I think it would be neat if some one brought back the Corbin Merlin roadster (or at least something very similar to it).
$50 GRAND?! HA ha They take a company that had a decent idea, then roll it up in a premium package to line the company;s pockets with gold.
For that kind of money, I want free roadside assistance FOR LIFE, and a 10 year no questions asked unlimited mileage warranty.
It'd be cheaper to buy a Prius and have a battery and solar package done to get the mileage very close to what the Aptera gets.
The price for the Aptera has to be driven much further downward. Already it has competition from Elio Motors that will be building an 85 mpg three-wheeled vehicle that will cost less than $7000 and be built in an old GM plant in Shreveport, LA. Sure the Elio's passengers don't sit side by side, but usually for commuting, you only have the driver in the vehicle anyway.
Tony Loro
I had a position for one but bailed when they hired the auto engineers and went overpriced bigger engine ect.
Happy to see! There is a market for the Aptera. There always has been a market for expensive, somewhat exotic vehicles and as long as a company can survive catering to that, it's all good. Think "Morgan Plus-Eight".
But they do have to work on their sales pitch. It is incompetent management when somebody within the company labels some part of their product line "a better product" over some other.
Not gonna work that way. Must find different ways of distinguishing the U.S. made ones. Tesla is showing how you can have the same thing at half price, and not repel people from wanting to shell out way more to buy the "full package". They won't tell you the 50k version of the "S" is not as good a car as the 100k one.
Seriously Aptera, stop doing such a dumb thing.
Lewis M. Dickens III
"You can fool some of the people all of the time." seems appropriate here.
Bill Allison, the renowned, suspension engineer who designed the Packard torsion ride and who's work inspired Sir Alec Moulton as a young boy almost slapped me when I told him that I loved the Mog.
He pointed out that three wheeled vehicles are essentially motorcycles and from a suspension perspective was inherently dangerous.
While I do love seeing that motorcycle engine in front of the radiator again but I do also believe that certain things need to be taken very seriously. Particularly when human lives are at stake.

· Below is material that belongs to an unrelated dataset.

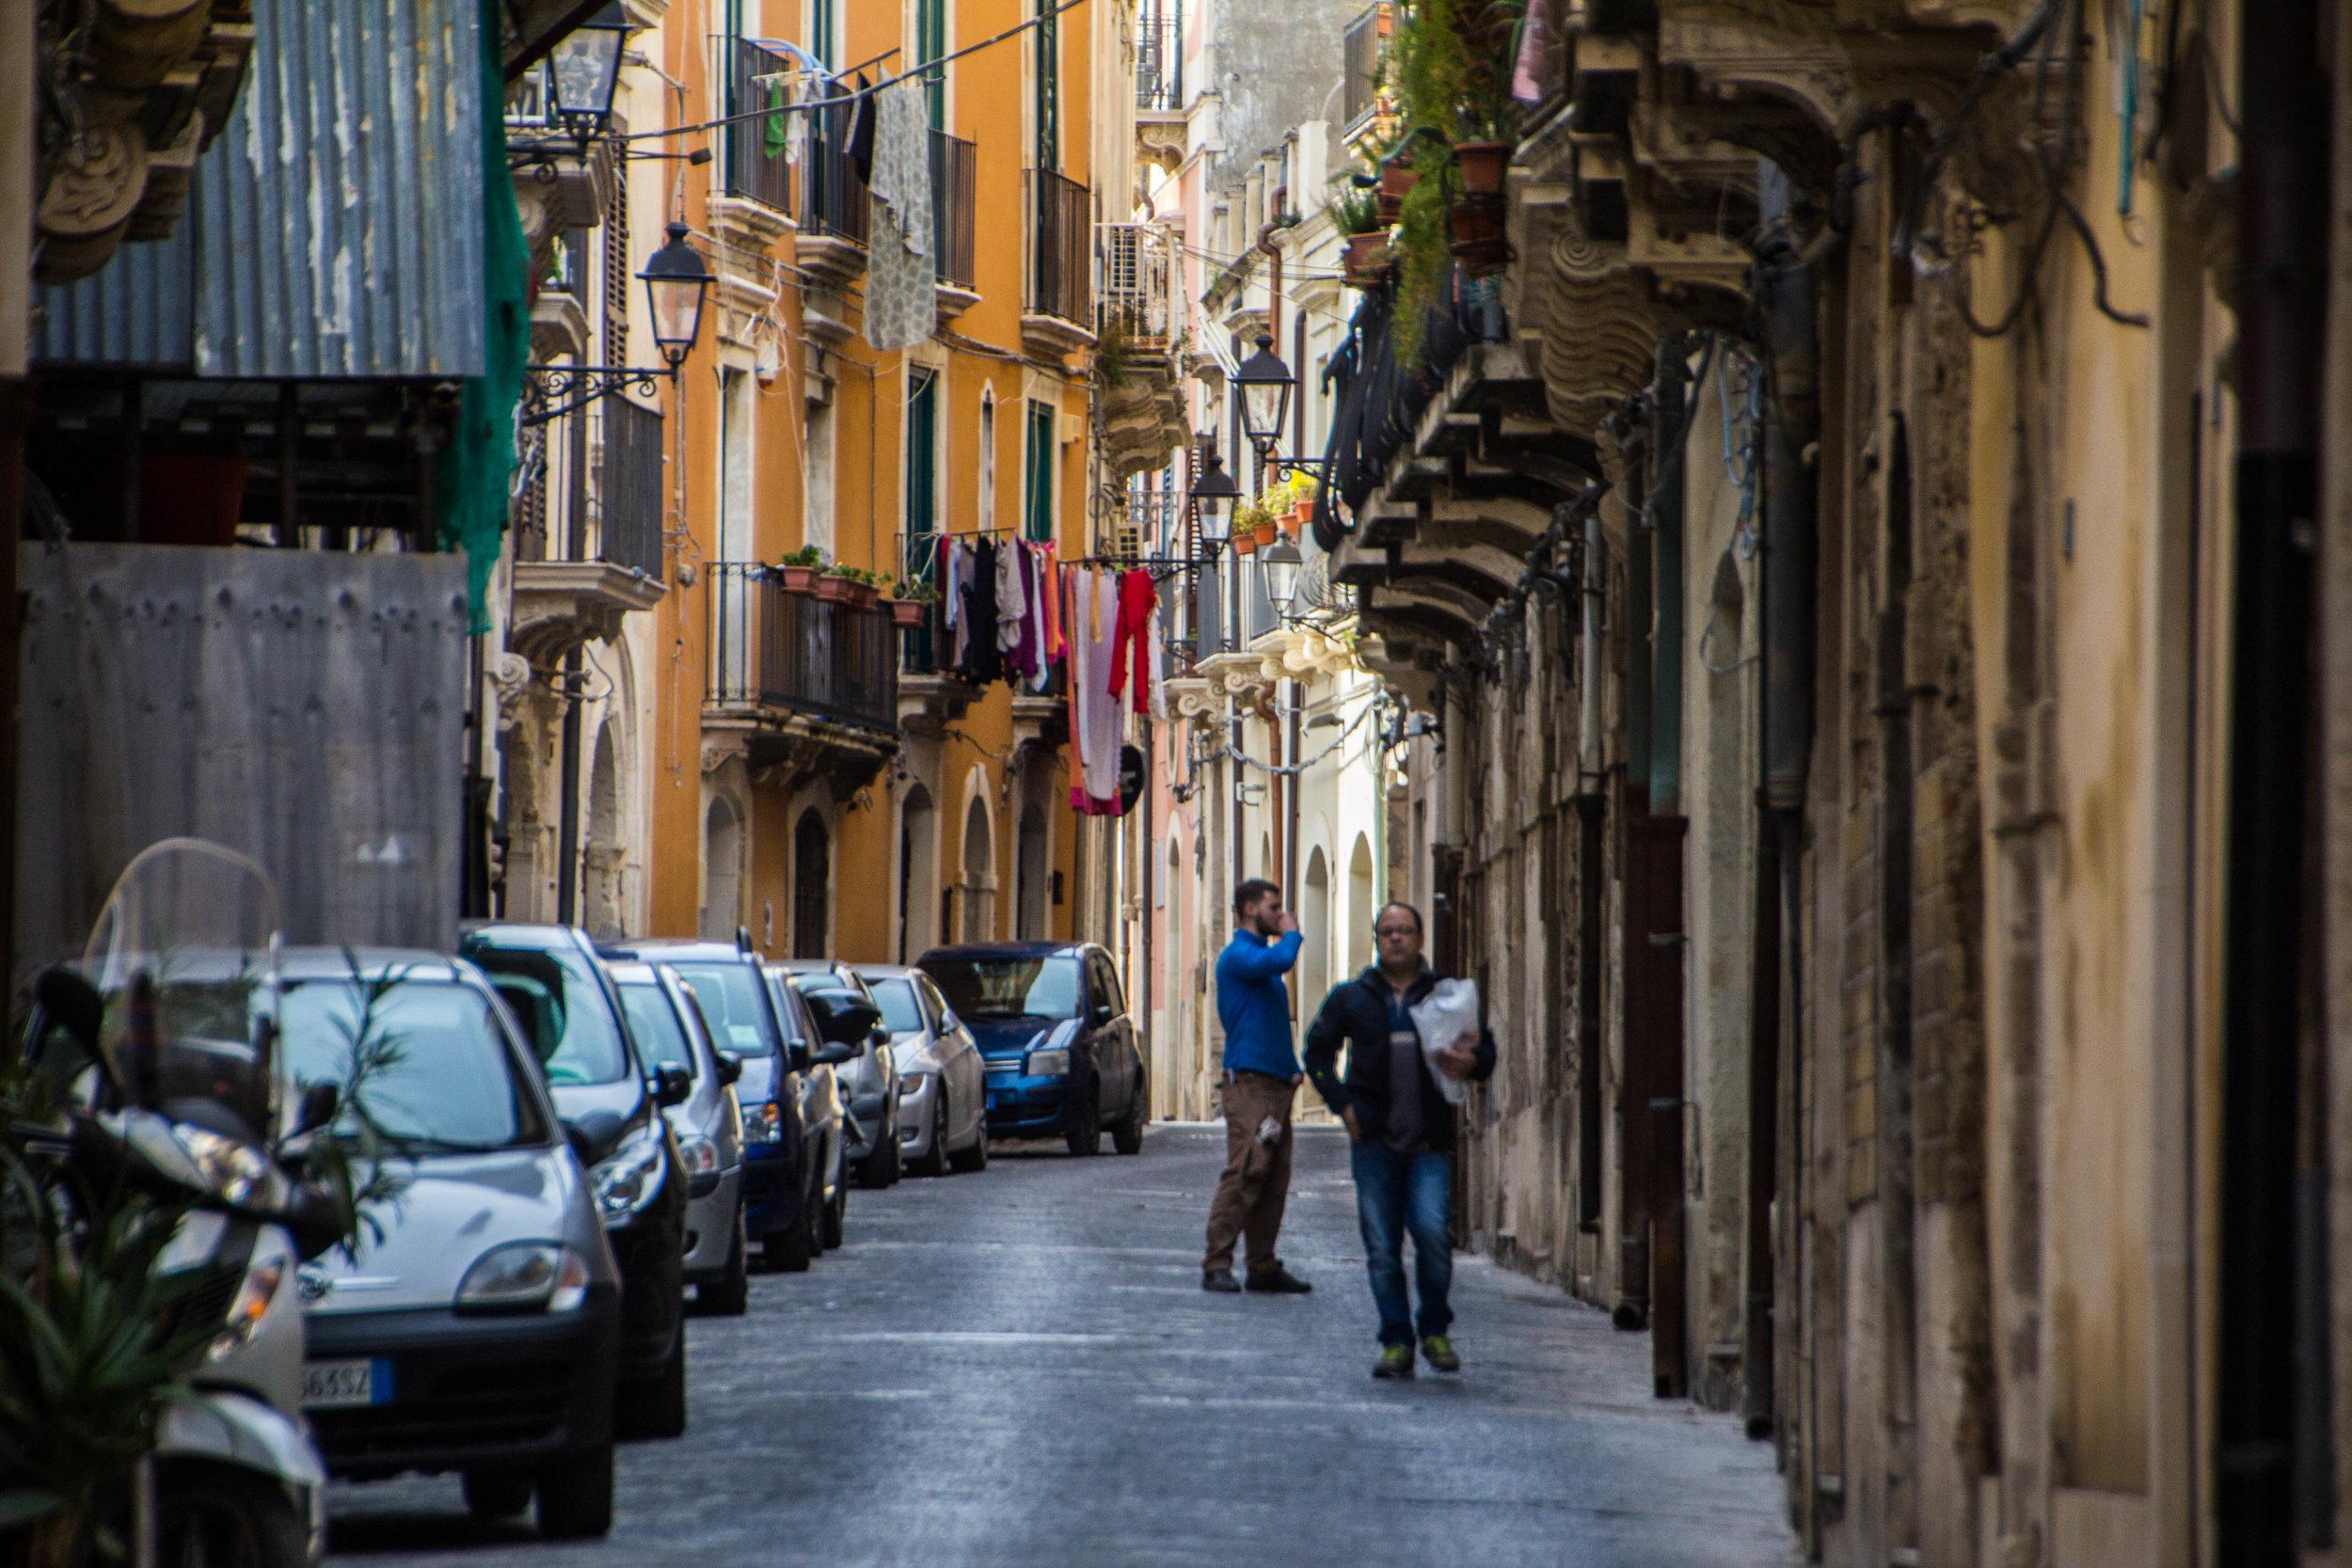 streets-ortygia-syracuse-sicily-33.jpg

Bill knew suspensions backwards and forwards and had developed suspensions cross linking them in virtually every possible combination. He held more patents on suspensions than any other engineer.

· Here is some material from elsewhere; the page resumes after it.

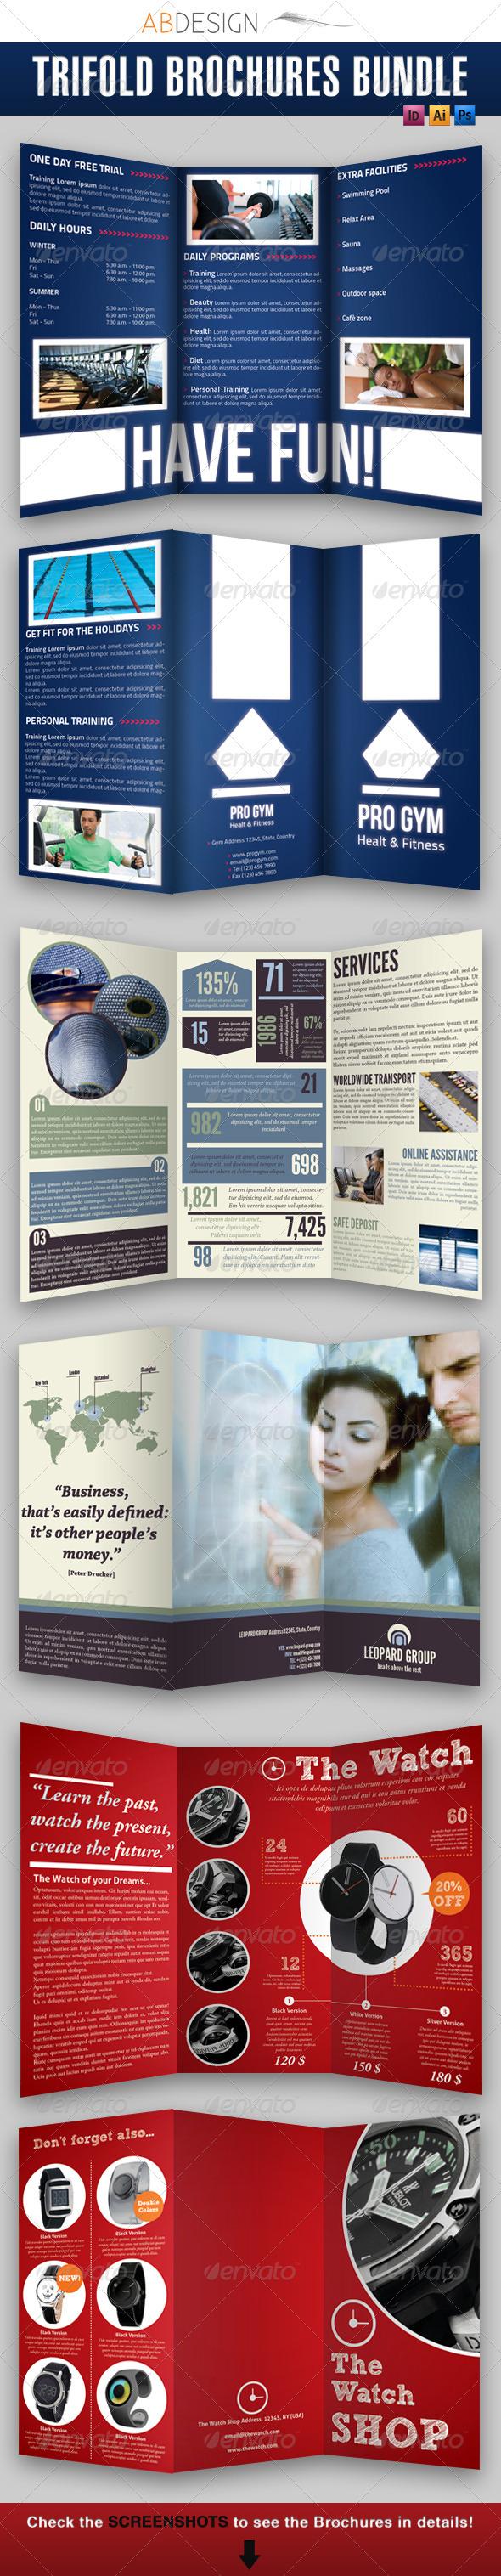 GraphicRiver Trifold Brochures Bundle 2 1392525

So when I covered the Progressive Automotive Insurance Automotive X Prize for AltEnergy.mag I got to watch the Aptera spin out a number of times
I mentioned bills knowledge to the Reporter of Consumers Reports and she cracked up.

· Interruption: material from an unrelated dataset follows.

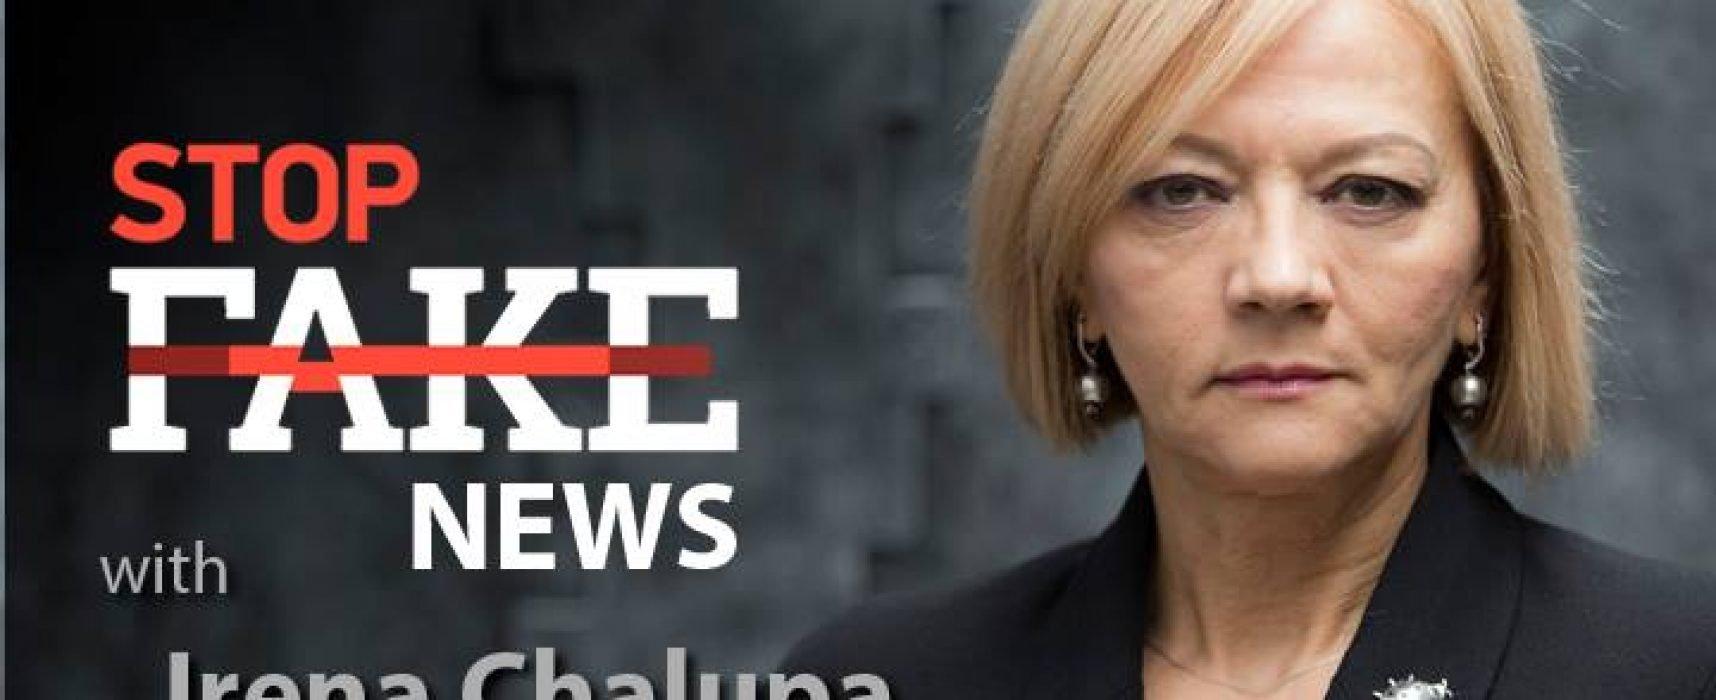 StopFakeNews #101 with Irena Chalupa

The problem behind this is that there is an absurd notion that less wheels mean less rolling resistance. If that were absolutely true, all the rail cars would have 3 wheels, but they don't. They have bogied paris of 8 wheels and that provides the lowest rolling resistance.
If you don't believe this then build 3 models with 4, 6 and 8 wheels. Put them on an inclined plane and let them roll.
Use a piece of chalk to mark where they roll to a stop and you will see the truth to the physical phenomenon.
Otherwise talk with the Japanese Professor who designed the Elica.
That the Chinese bought into this fits perfectly with their buying into the MooCow Computers of our Brilliant Governor.
BTW Bill is the only person to have hit the Betz limit with his wind engine designs.
Charles Hart
Elio at 80mpg and $6800 works much better for me.